About this task: Please retype the listing below exactly as it stands, skipping any pictures.

Material provided:
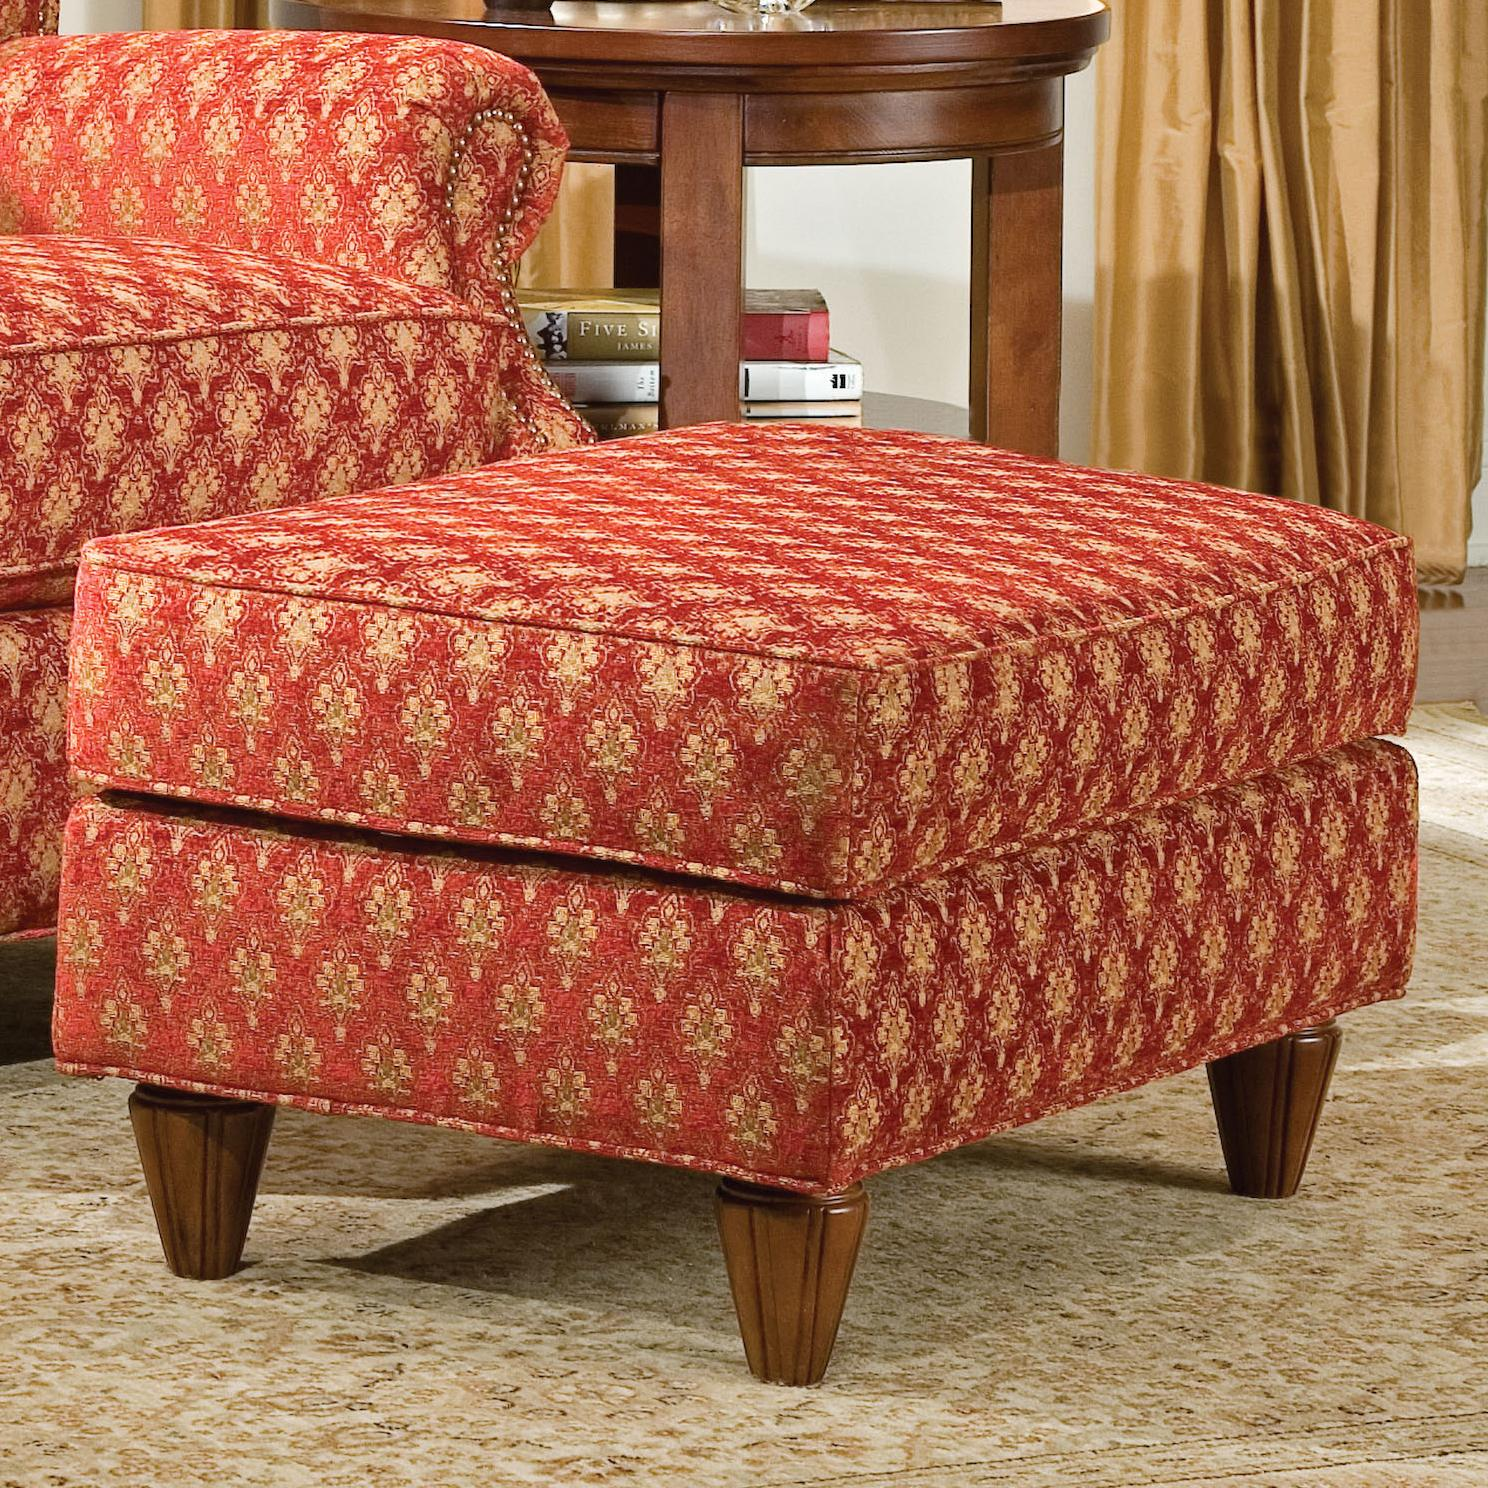 1403 Ottoman by Grove Park at Sprintz Furniture
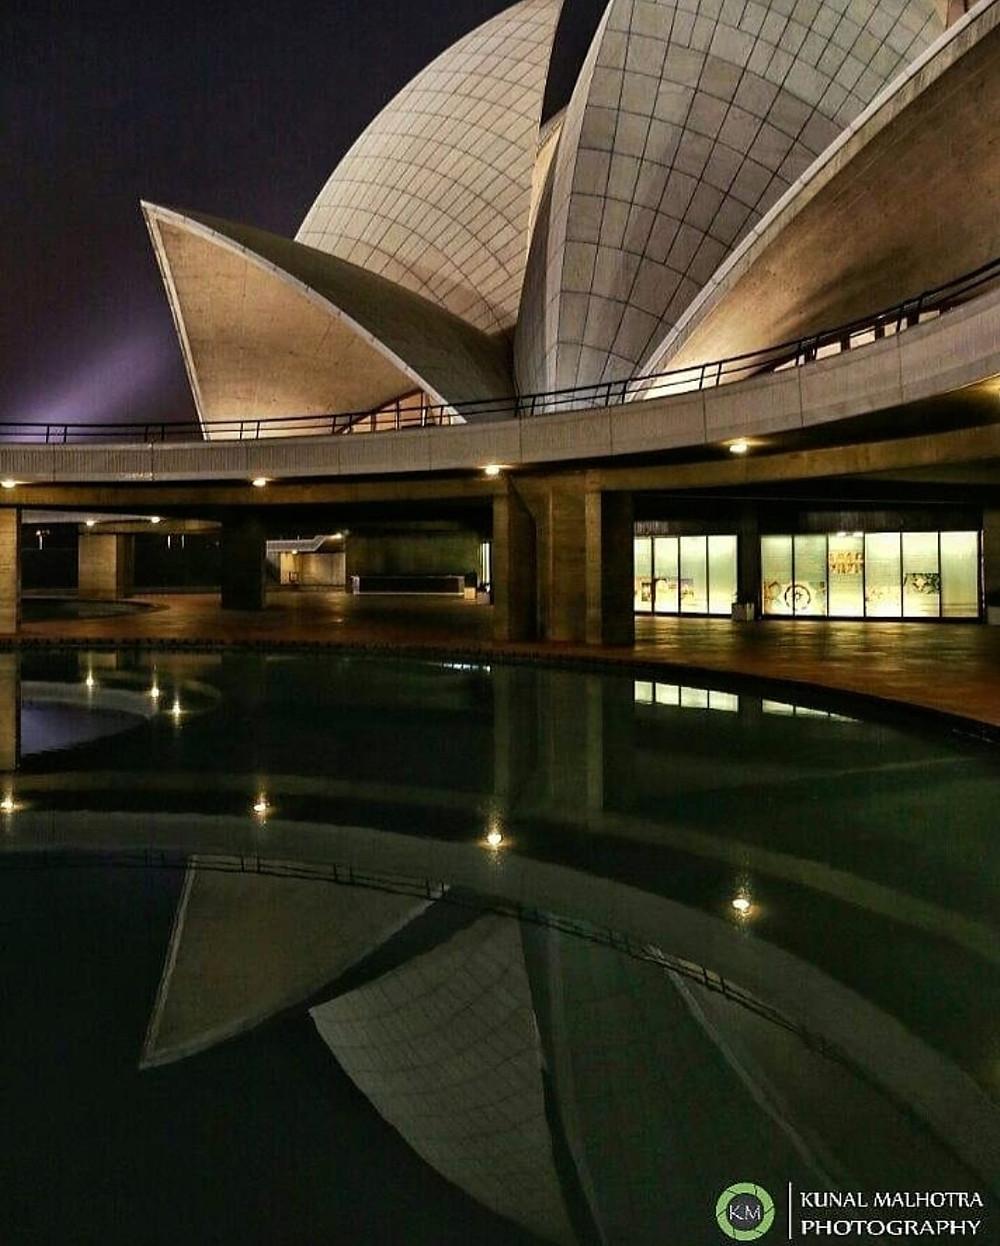 India Baha'i House of Worship Reflections
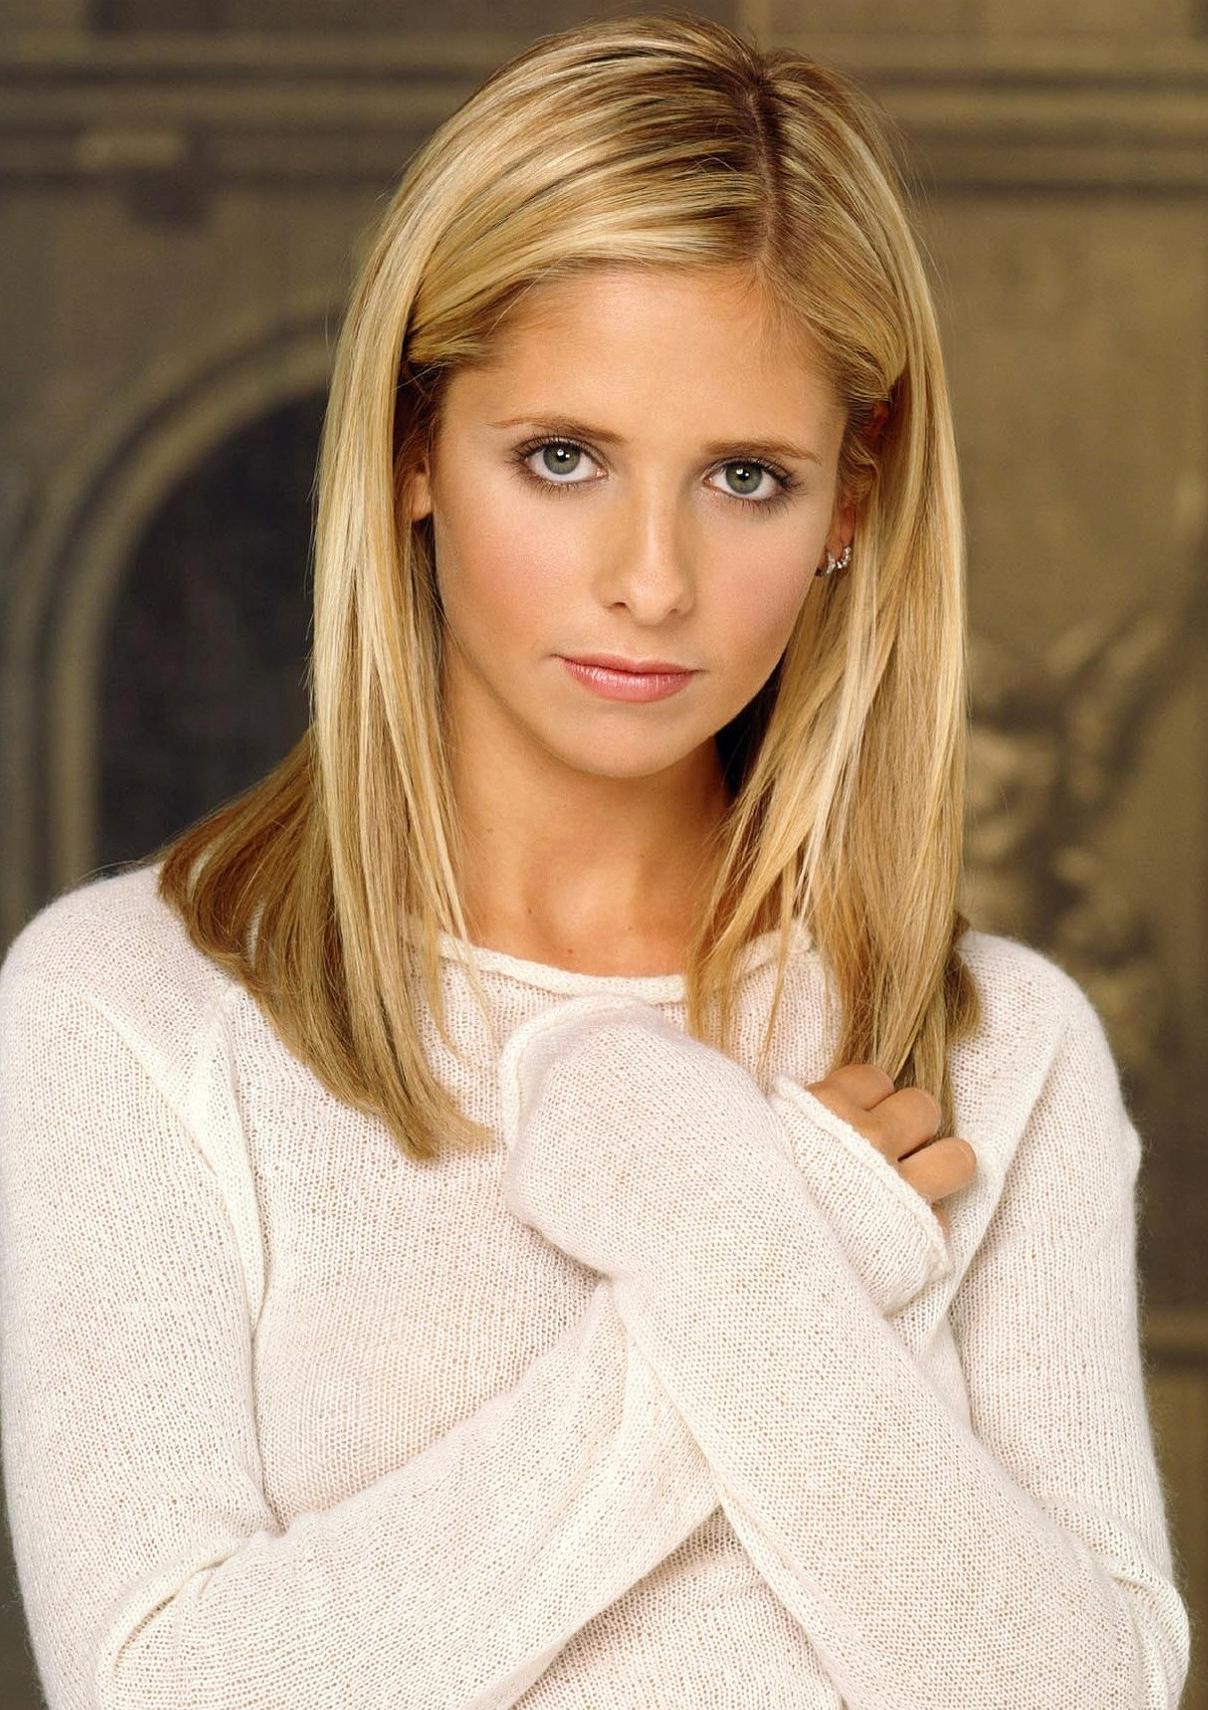 Buffy the Vampire Slayer's Buffy Summers (1997-2003)
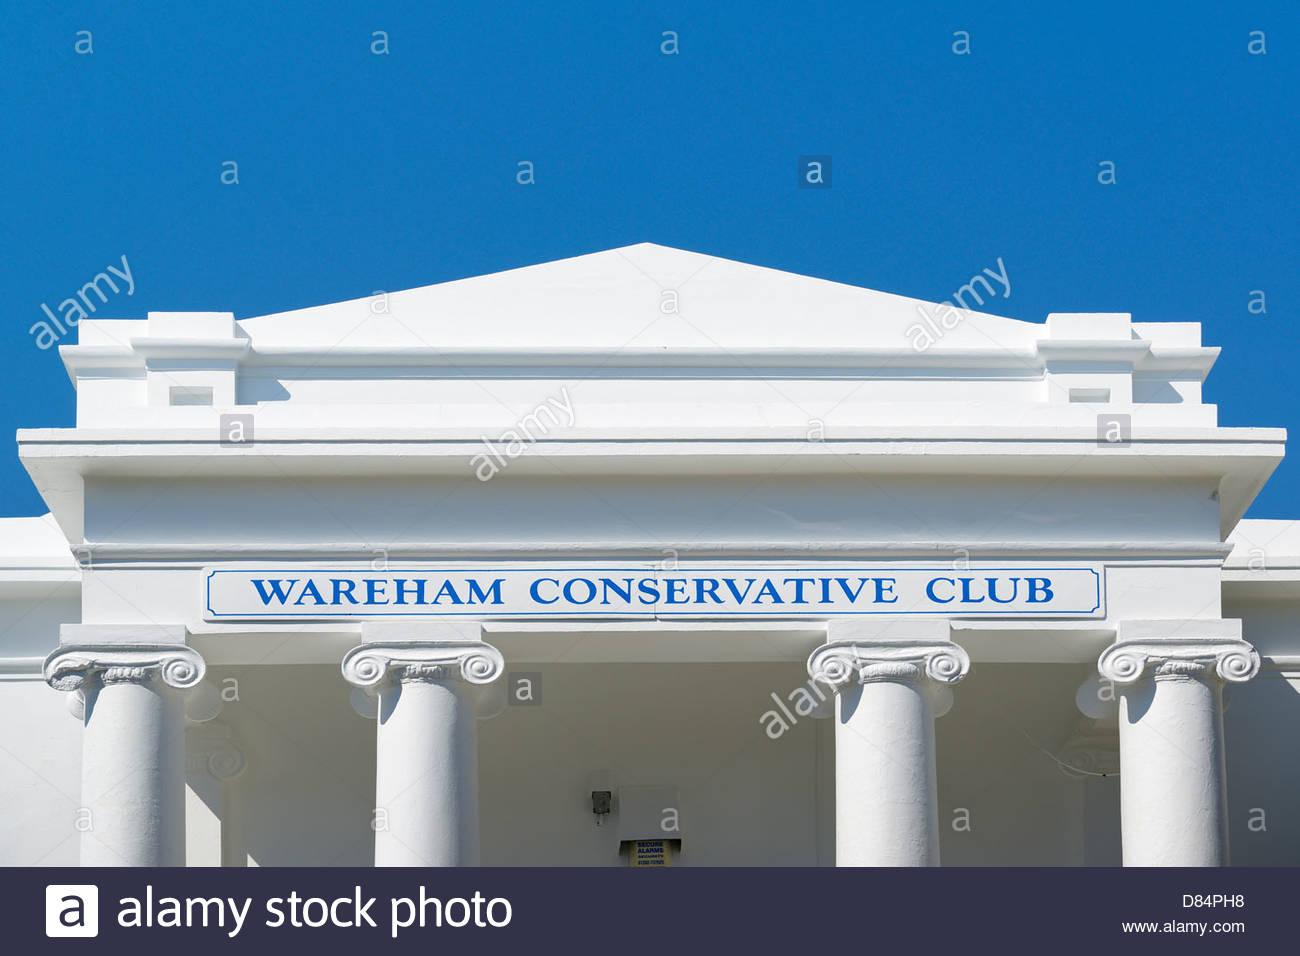 Wareham Conservative club portico, Wareham, Dorset England UK - Stock Image

Written solution:
 1403 Ottoman by Grove Park at Sprintz Furniture
 India Baha'i House of Worship Reflections
 Buffy the Vampire Slayer's Buffy Summers (1997-2003)
 Wareham Conservative club portico, Wareham, Dorset England UK - Stock Image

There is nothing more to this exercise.